Она быстро, но крепко обняла меня.

– Хорошо и огромное спасибо, Элен.

Я на нетвердых ногах подошла к автомобилю и тяжело опустилась на водительское место.

«Бобби надежно упрятан за решетку и больше не может причинить тебе вреда, – сказала я себе. – Он не мог этого сделать все эти годы, и все его угрозы были лишь плодом его воображения…»

Я выехала с подъездной дорожки и свернула на первую аллею, которую увидела. Остановив автомобиль между двумя большими полями, я перелезла через изгородь и быстро пошла между пасущимися коровами. Низко нависавшие серые тучи грозили дождем, но я опустилась в траву и зарыдала.

«Все закончилось, Мерри, действительно закончилось… Он больше не причинит тебе вреда. Ты в полной безопасности…»

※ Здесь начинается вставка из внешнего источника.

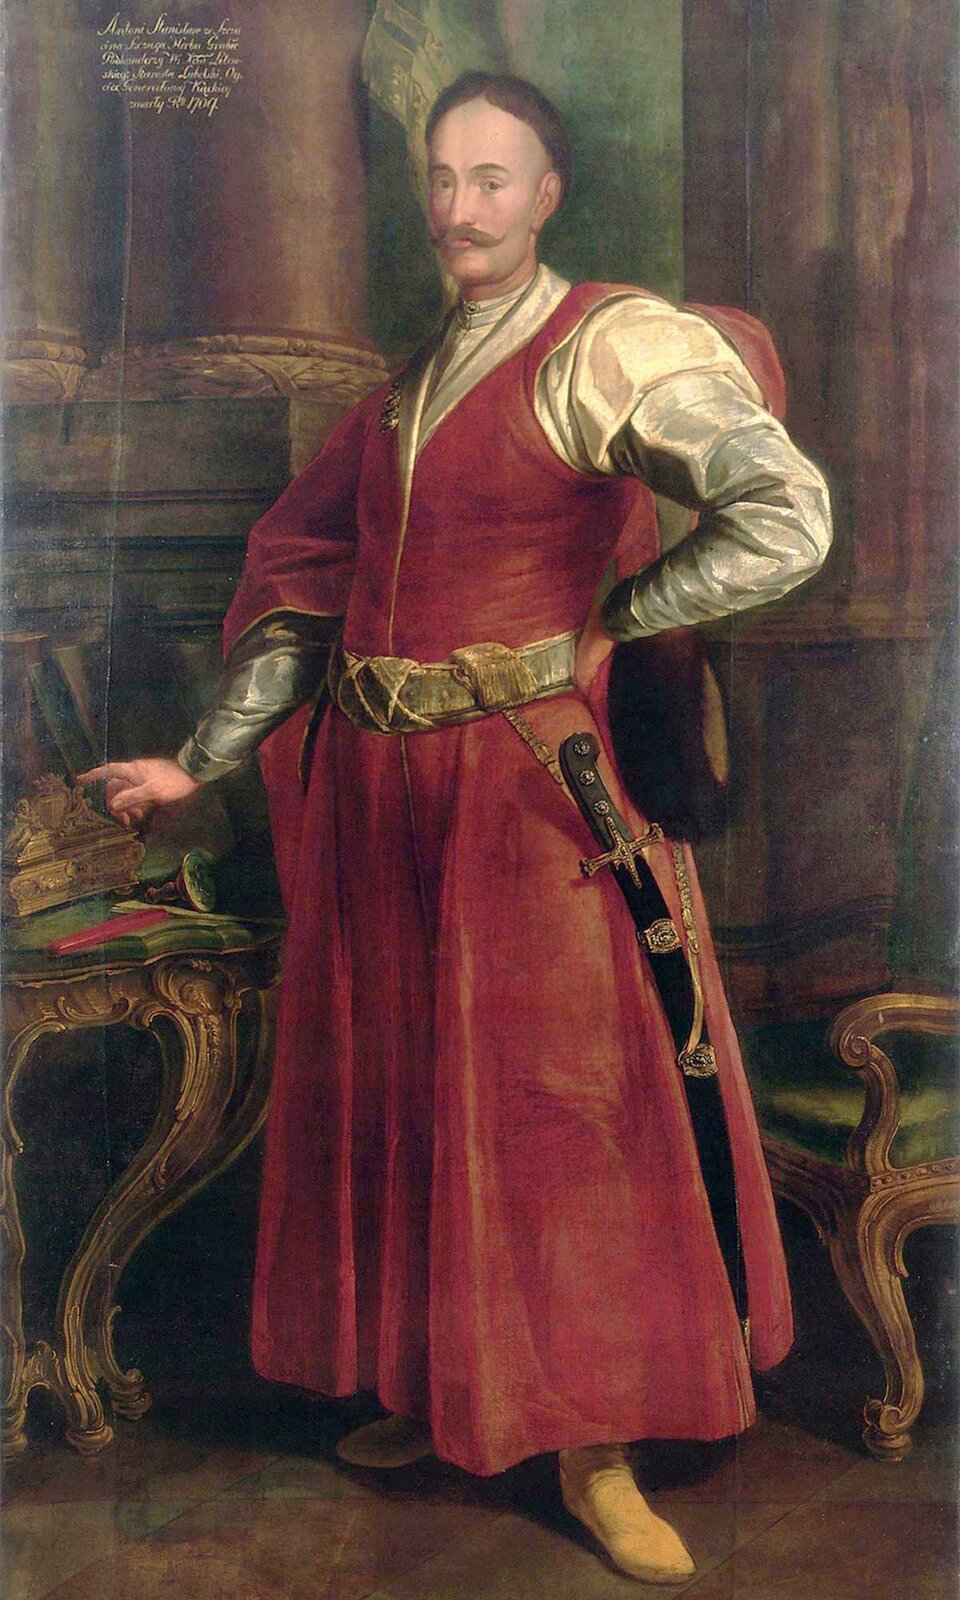 Portret Stanisława Antoniego Szczuki Źródło: Portret Stanisława Antoniego Szczuki, ok. 1735–1740, olej na płótnie, domena publiczna.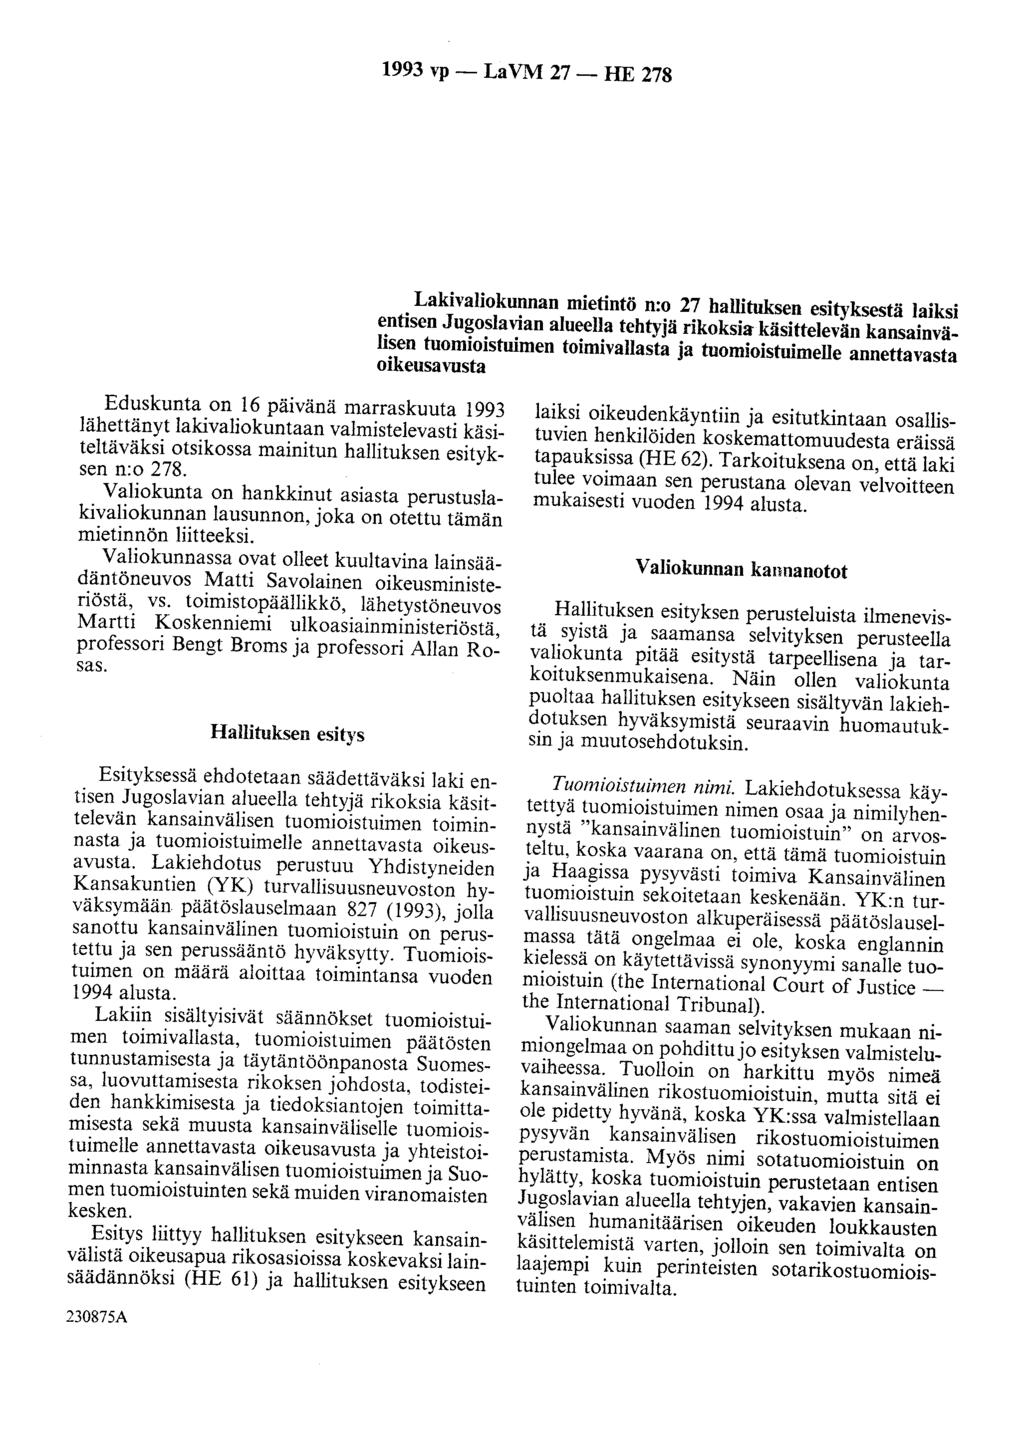 1993 vp - La VM 27 - HE 278 Lakivaliokunnan mietintö n:o 27 hallituksen esityksestä laiksi entisen Jugoslavian alueella tehtyjä rikoksia käsittelevän kansainvälisen tuomioistuimen toimivallasta ja

Мне понадобилось много времени, чтобы выплакать напряжение, которое я держала в себе долгих тридцать семь лет. Я думала обо всем, что потеряла из-за этого…

– И обрела, – прошептала я, думая о своих дорогих детях и любимом Джоке, который взял меня в свои надежные объятия и окружил защитой и любовью.

Я посмотрела на часы и увидела, что опаздываю на встречу с детьми.

– Дети! – буркнула я, возвращаясь к автомобилю. – Ради всего святого, Джеку уже тридцать два года!

Решив, что он уже большой мальчик и вполне может доставить сестру в гостиницу на такси, я позвонила ему и сказала, что у меня разыгралась мигрень, что не было ложью, поскольку у меня гудела голова, и медленно поехала обратно в Клонакилти. Когда я проезжала Бандон, то увидела поворот на Тимолиг и направилась туда, повинуясь интуитивному побуждению. Мне хотелось побывать там.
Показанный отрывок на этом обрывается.